A couple weeks ago I gave a talk at Nordic.js about Powerful Automation with the Chrome DevTools Protocol. In the talk, I shared a number of demos for various use cases of the protocol powered by Puppeteer, which allows you to control Chromium-based browsers in Node via the DevTools Protocol.

One of the later demos I gave was using Puppeteer to power a RESTful API for your static website (or any website where you can’t build a direct API for the content). If you have a site that fits that bill, then this may sound appealing. For instance, if I want to access and share the content I currently have published on this blog, then I would have to either completely change how the site is built or duplicate the content. There is no easy way for me to reuse the content I have published…until now!

Let’s walk through how to build a small server that allows us to get a random post from this blog as a simple GET request!

Note: The following walkthrough expects you to have some familiarity with setting up Node applications. If you’re new to Node, you might want to start with the Node getting started guide.

The Approach

Before we dive into the code, we should think about what our implementation should look like.

Given that the site is static we’ll want to pull content from it similarly to how a user would do so. For a random post, we’ll want to visit the posts index and select one randomly from there. Once we have it selected, we’ll click on the link and wait for the content to load before reading it with Puppeteer. Make sense?

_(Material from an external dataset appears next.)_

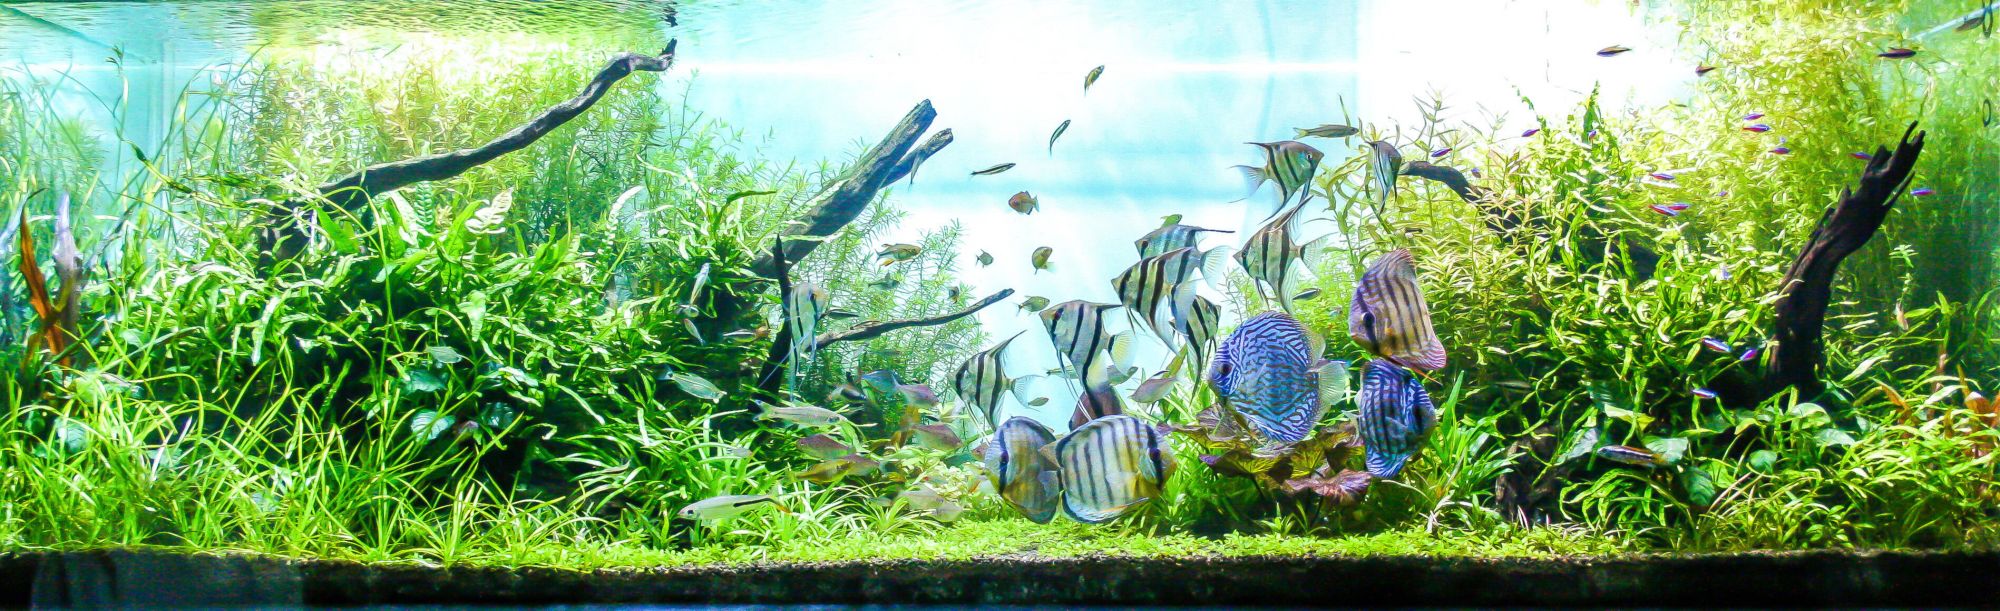 aquarium fish tank aquabed

At this point, I feel it’s worth mentioning that this approach is viable because this site loads quickly, which means our API can load multiple pages while still having reasonable latency for each request. It’s important that if you want to build a Puppeteer-powered API, then the underlying website you interact with will need to be performant or else you’ll have long load times for anything that depends on your API.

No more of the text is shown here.